A portion of the market of non-primary residences well above $5 million will inevitably get taxed, according to Slater, but the state isn’t going to be able to enforce it to the degree it expects.
Despite critics’ concerns, the proposal has its supporters.
New York City Council Speaker Julie Menin, who has been at odds with Mamdani regarding if and how the wealthiest earners should be taxed, believes a pied-à-terre tax will equitably fill the state’s coffers from the top down.
“This is a smart, sensible proposal that will generate significant new revenue to help fund the vital services New Yorkers rely on,” Menin said in a statement. “Coupled with the council’s proposals to secure additional revenue from the highest earners … this is the comprehensive approach we need to strengthen the city’s fiscal footing and tackle the affordability crisis without burdening working New Yorkers.”
However, the Real Estate Board of New York (REBNY) sees any annual tax on secondary homes in New York City as an imminent threat to the broader economic outlook for development and investment. REBNY leaders say such a tax will hobble the construction pipeline for new housing and pull tax revenue away from New York as potential buyers think twice.
“This annual tax will weaken the city’s broader economy -— all without addressing its fiscal problems in the first place,” REBNY President James Whelan said in a statement. “Its impact will reach far beyond a small group of owners. It will not raise the amount of revenue expected, but will eliminate thousands of construction jobs, lower property values, and raise costs for New Yorkers. Albany should focus on policies that encourage investment and housing production to create a more affordable city, not ones that stifle its growth.”
But supporters of the tax, such as government watchdog group Fiscal Policy Institute, see a pied-à-terre tax as an essential piece of the puzzle in leveraging the global wealth that New York City attracts, and reinvesting it into workforce development, government-funded housing and transit infrastructure.
For others, $500 million is just a good start to what the city and the state need to enact major changes.

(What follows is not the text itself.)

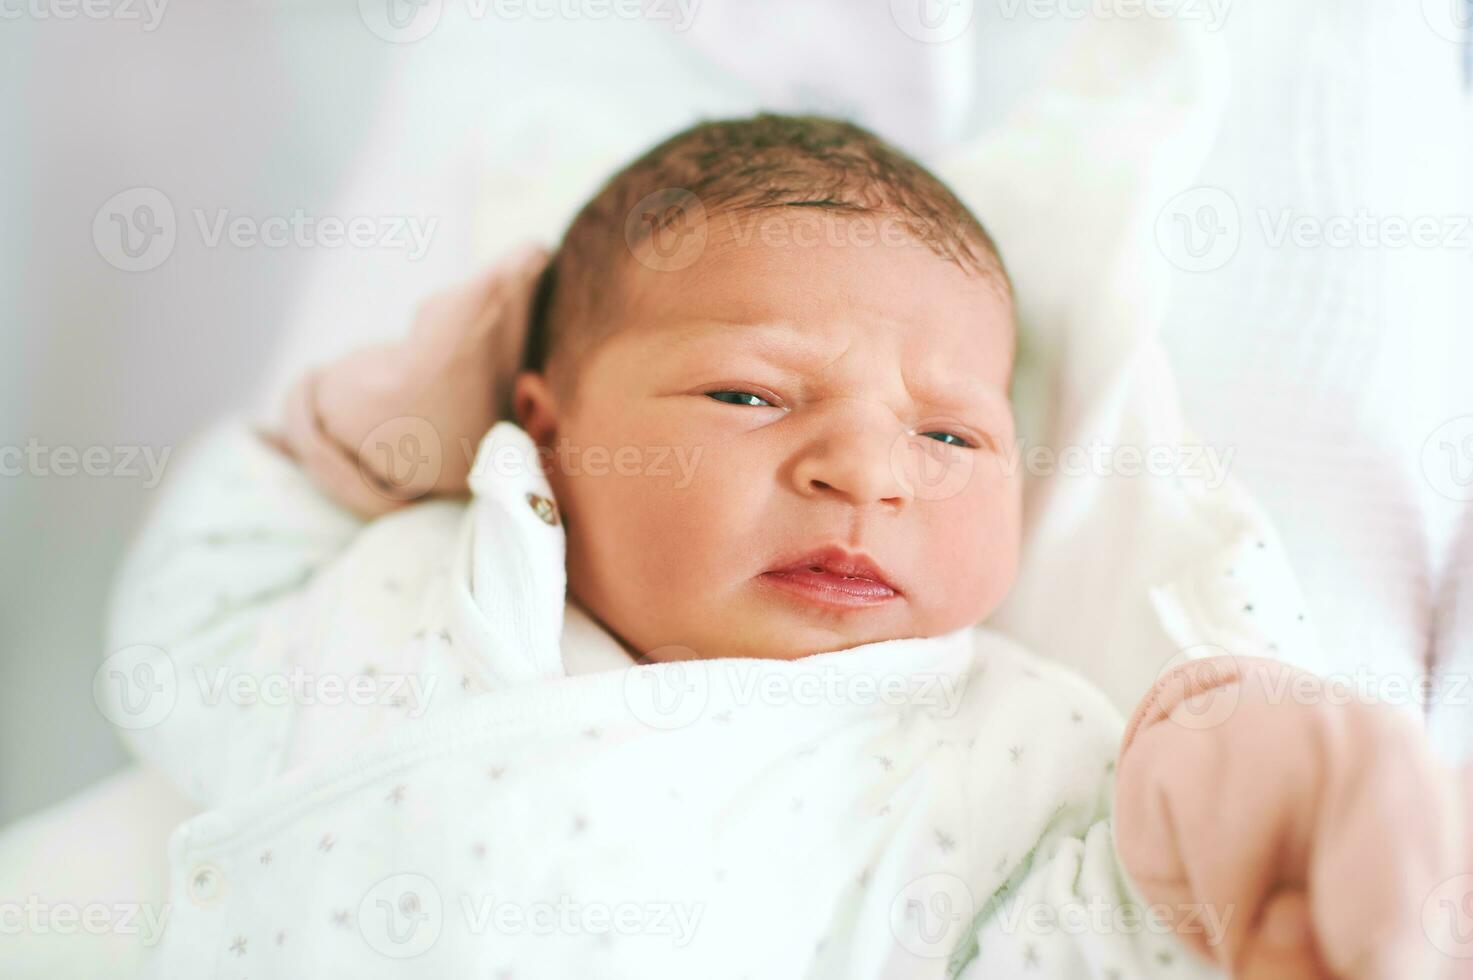 porträtt av förtjusande nyfödd bebis liggande i sjukhus spjälsäng foto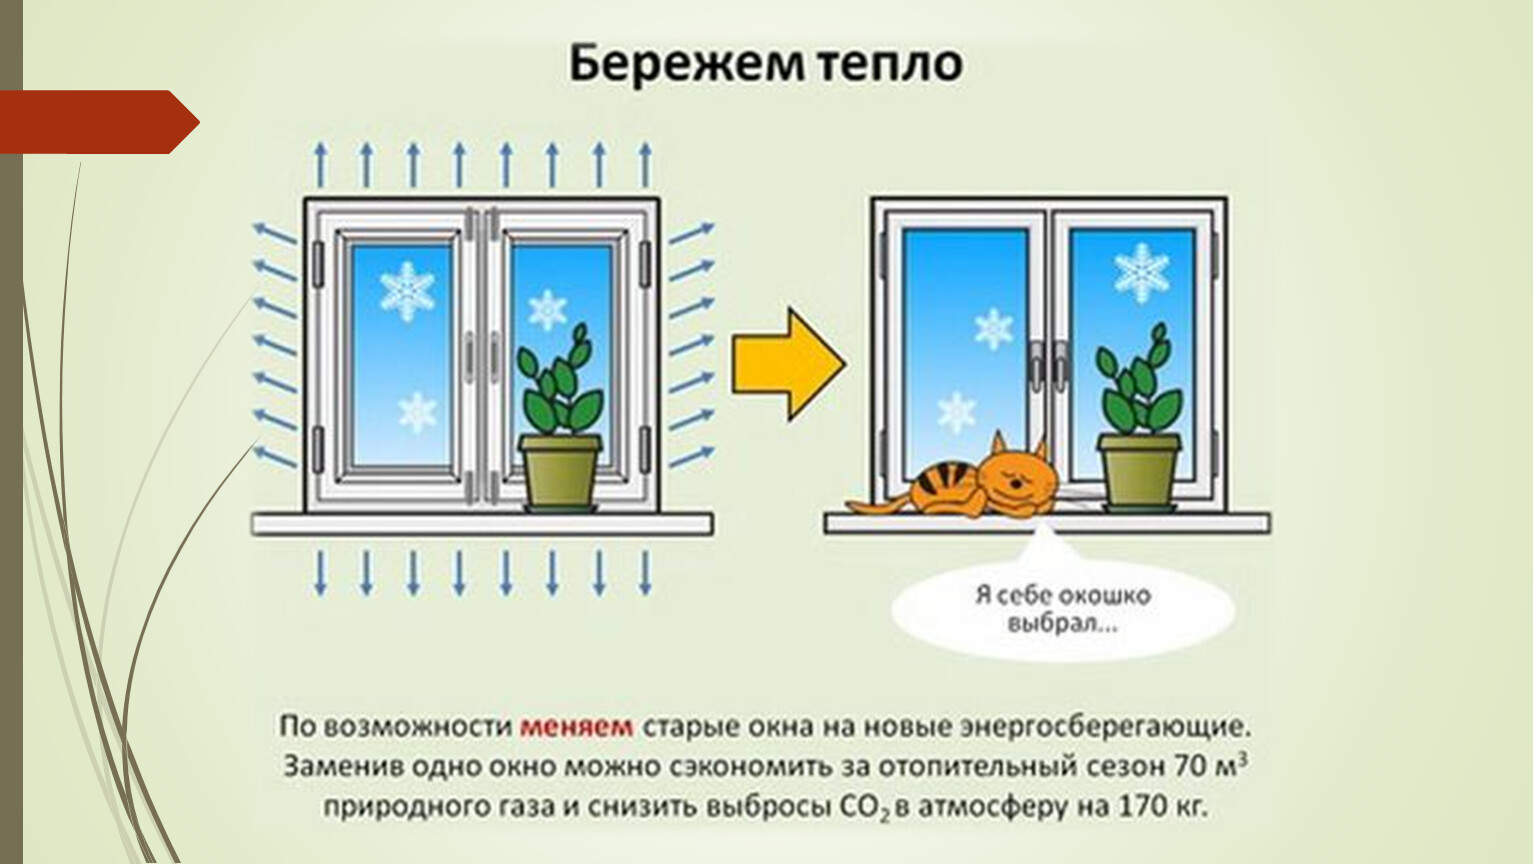 Берегите тепло 2. Экономия электроэнергии. Энергосбережение тепла. Энергоэффективные окна. Способы энергосбережения.

“Over the past 15 years, New York City’s revenue has not grown at the same pace as its economy, and the city’s tax code has grown detached from economic circumstances,” Emily Eisner, acting executive director at the Fiscal Policy Institute, said in a statement. “To both cover the [New York City budgetary] gaps and make crucial investments in infrastructure, New York lawmakers will need to look toward broad-based solutions such as the personal income tax and corporate tax.”